As for your proposed ban list, I noticed that Painter's Servant} is still on there.  While it insta-wins when combined with two different cards ({Iona}, {Grindstone}), I don't feel like it should be banned at all.  The card, by itself, has a really cool ability and sweet applications outside its combos, whereas {Grindstone} is only ever played in the combo.  Iona?  No one likes playing against an Iona anyway.  Sure, it's a huge, 9-drop Angel will an incredibly huge effect, but there are so many ways to cheat it in early to shut people out, even without painter.  I propose trying unbanning Painter and Banning Iona and/or Grindstone.  You'll see Iona on her own, but Stone won't see play outside the combo.  Painter has a really cool effect that can do cool things, if only it were given the chance.

Also, I noticed {Vampiric Tutor} is up there.  Can I hear your reasoning?

30 life does some other things that I like, and my playgroup and I have been doing it for some time. All these proposed rules changes are from our play tests. It is not drastically different IMO, combo decks do have to interact more in early games. Some strategies suffer (mill) and others get better (midrange aggro, weenies). All and all, it makes deck building DIFFERENT, not exactly better or worse. I noticed when we first voted to adopt my proposed rule changes that games went quicker because the first 5 or so turns that are usually spent throwing down shocklands and building up mana were condensed. In other words, the "strategy" of hiding behind a wall of health is made more immediate. I would really like some more participation in playtesting.

{Painter's Servant} is because of the 2 card combo with {Grindstone} and being colorless, any deck has access to it cheaply. It was based off the 1v1 banned list. 1v1 is a much different game, understandable, but it's also competitive. If they banned it for degenerative game play we would be wise to observe it. Other cards they've banned for 1v1 issues, I've ignored those. Also, the Vintage banned list is somewhat intact.
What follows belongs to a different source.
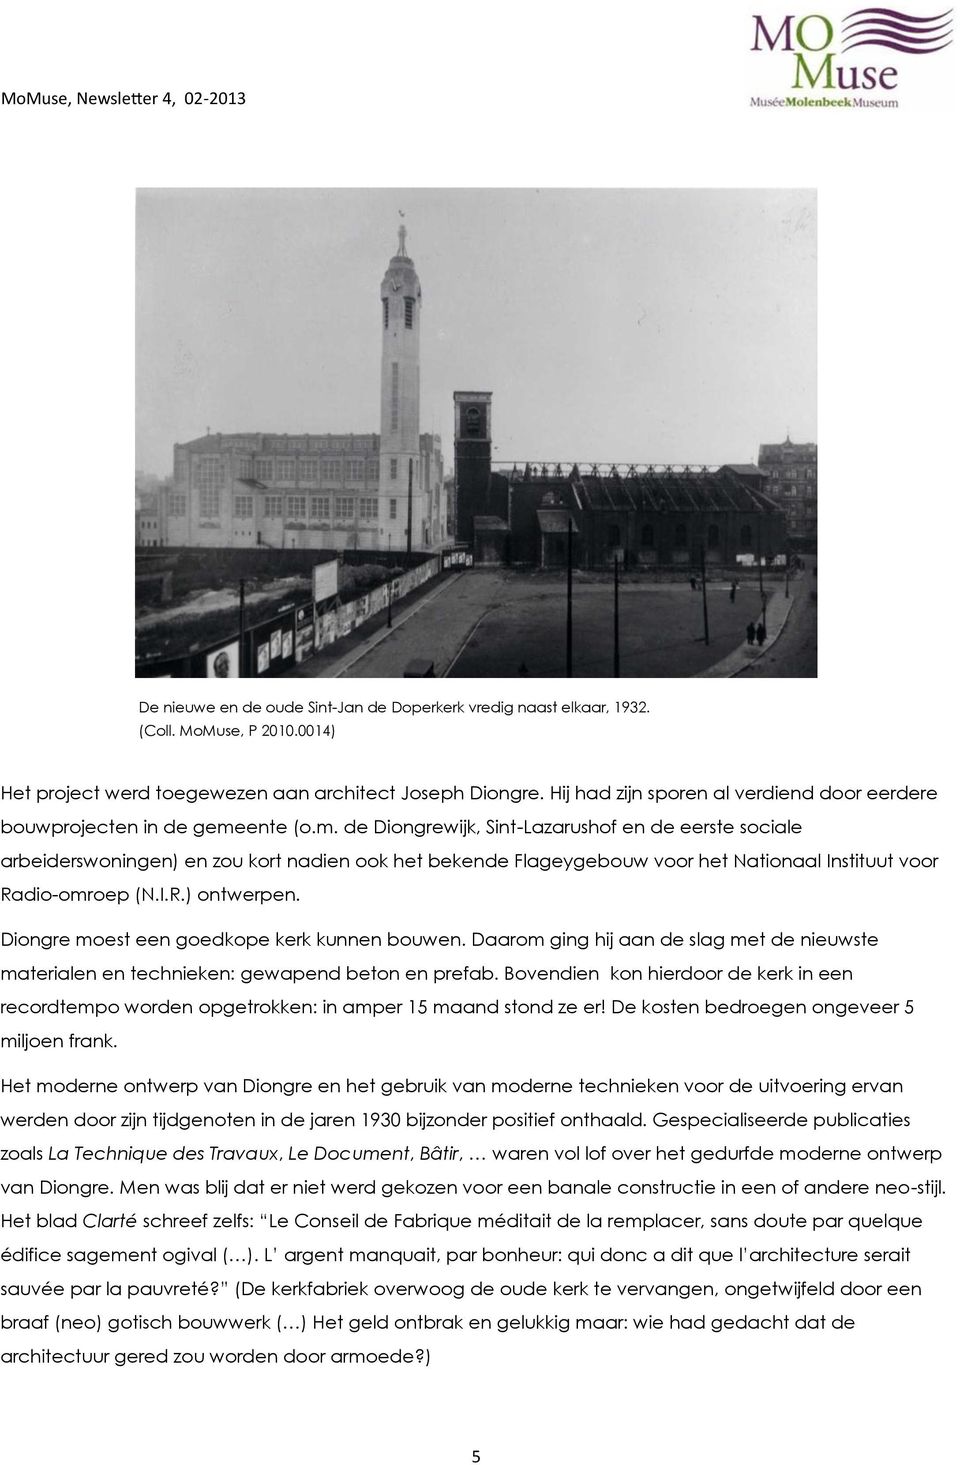 ente (o.m. de Diongrewijk, Sint-Lazarushof en de eerste sociale arbeiderswoningen) en zou kort nadien ook het bekende Flageygebouw voor het Nationaal Instituut voor Radio-omroep (N.I.R.) ontwerpen.

{Vampiric Tutor} is mostly to do with the cost, speed and the fact you do not have to reveal the card. It can basically dial-a-combo. {Demonic Tutor} is slower, while it may still break the game in half. I'm not attached to any of the preliminary bannings, they're a jumping off point for a conversation.

Dudecore

Quote from: Agrus Kos, Enforcer of Truth on July 14, 2014, 02:07:19 PM
What if you put a life cap? It would eliminate the memory issues of commander damage while also eliminating the issues of dumb infinite life combos. You could actually make a rule saying all infinite combos top off at 100 or so, because you can't actually go infinite anyways (you still have to name a number).

I don't hate this idea. I don't enjoy capping things players enjoy doing. Writing an Actuarial table for each and every commander that hits you is something players do not enjoy doing. It would be the only format where there is a life cap, brave new territory. I wish there were a way to tackle the problem in a more cleaver way that didn't require hard capping. If we're going to cap life, why not mana or cards? I'm trying to justify why life would be the cap.